OK, I did a little more research on this. It looks like Freddie has a no cash-out refinance program up to 95% LTV. Fannie appears to have a cash-out refinance up to 90% LTV.
So it doesn’t look like Fannie or Freddie will be able to buy/guarantee all of these worthless mortgages at bubble prices. It appears they will be able to buy/guarantee all mortgages originated after July 2007. However, for the 2002-June 2007 vintage of crappy mortgage, Fannie/Freddie would only be able to buy/guarantee those under the new limits if the borrower does a refi. The refis appear to have LTV limits so it doesn’t look like the banks will be able to put all those 2002-June 2007 $417,000+ mortages that are now on homes that are way under the original mortgage amount to the taxpayer. Instead, the banks will have to hope the borrower refis. At least that’s how I’m interpreting this bill.

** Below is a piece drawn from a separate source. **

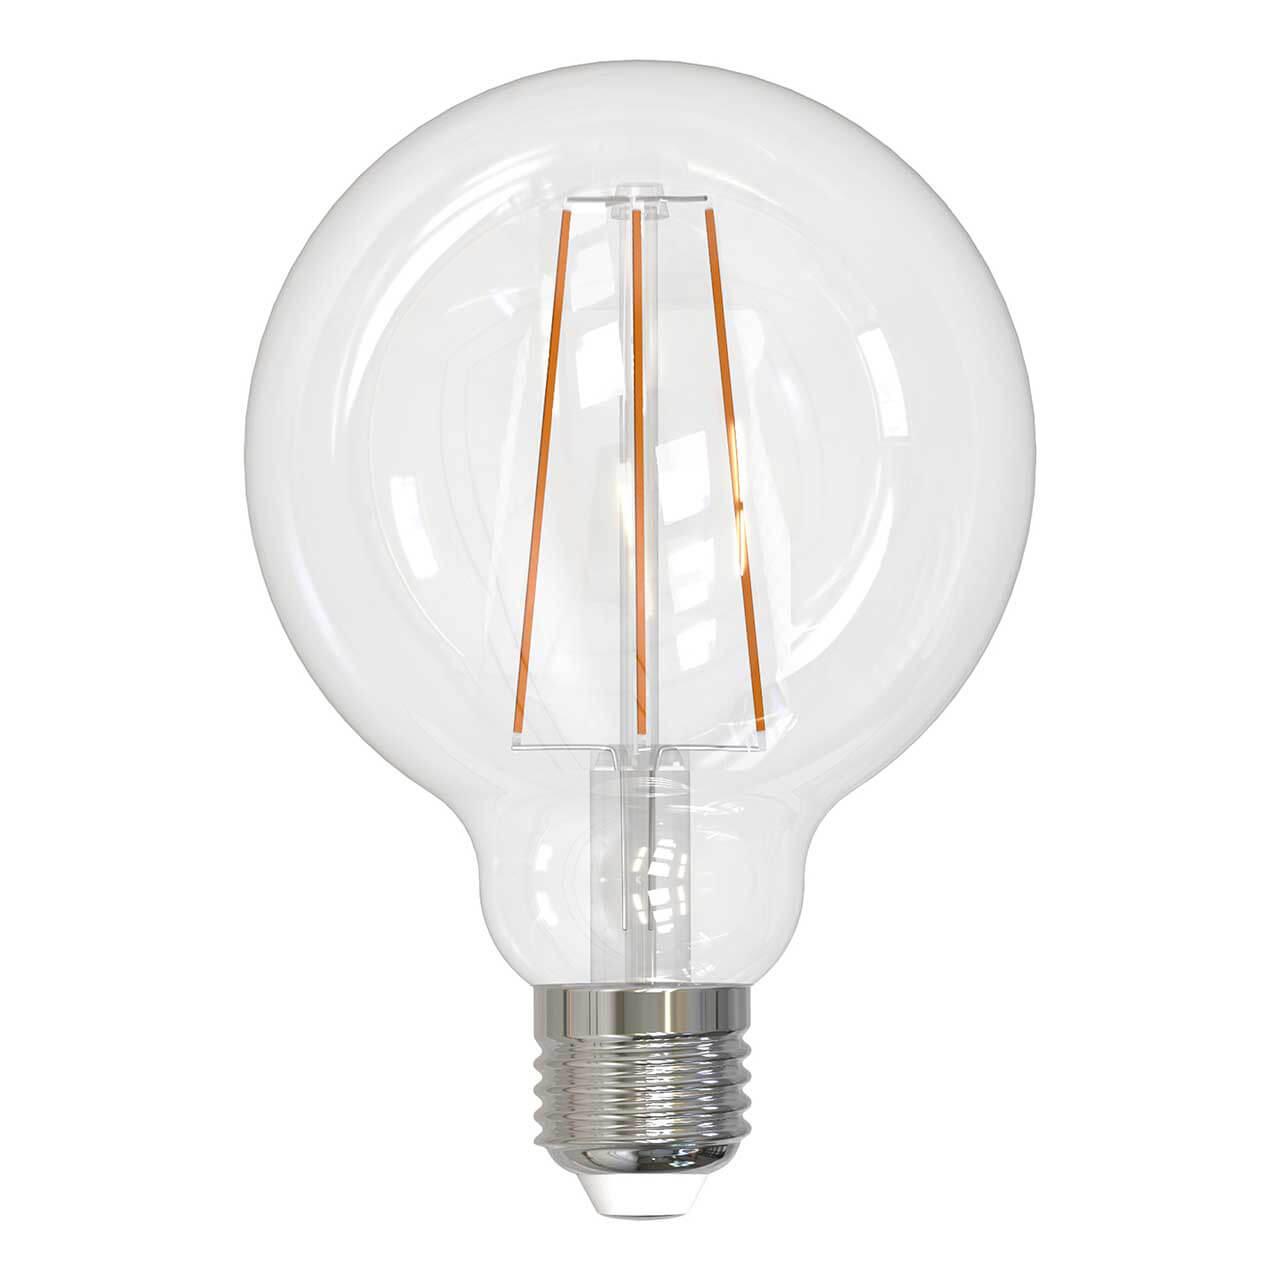 Лампочка Uniel LED-G95-10W/4000K/E27/CL PLS02WH SKY Globe ledron lip0906 10w y 4000k black

It will be interesting to see if the banks allow borrowers to refi for much less than the mortgage amount just to get the loan off their books. For example, say Crooked Borrower (CB) took out a mortgage in 2005 for $600K. Let’s say the house securing that mortgage is now only worth $500K. Will the bank allow the borrower to refi at $475K (95% of $500K) just to get the loan off their books? It doesn’t seem like they would if the house is really worth $500K. Better to take a short sale at $500K and then sell that to Fannie/Freddie. Of course, with all the crooked appraisers out there, it may be better to do a refi at an inflated value.
With the July 2007 cutoff date, this bill doesn’t look as horrible as I thought it would be. I don’t like it (and I’m sure I’m missing a ton of things in my amateur analysis), but it sure looks like it could have been worse. So what am I missing?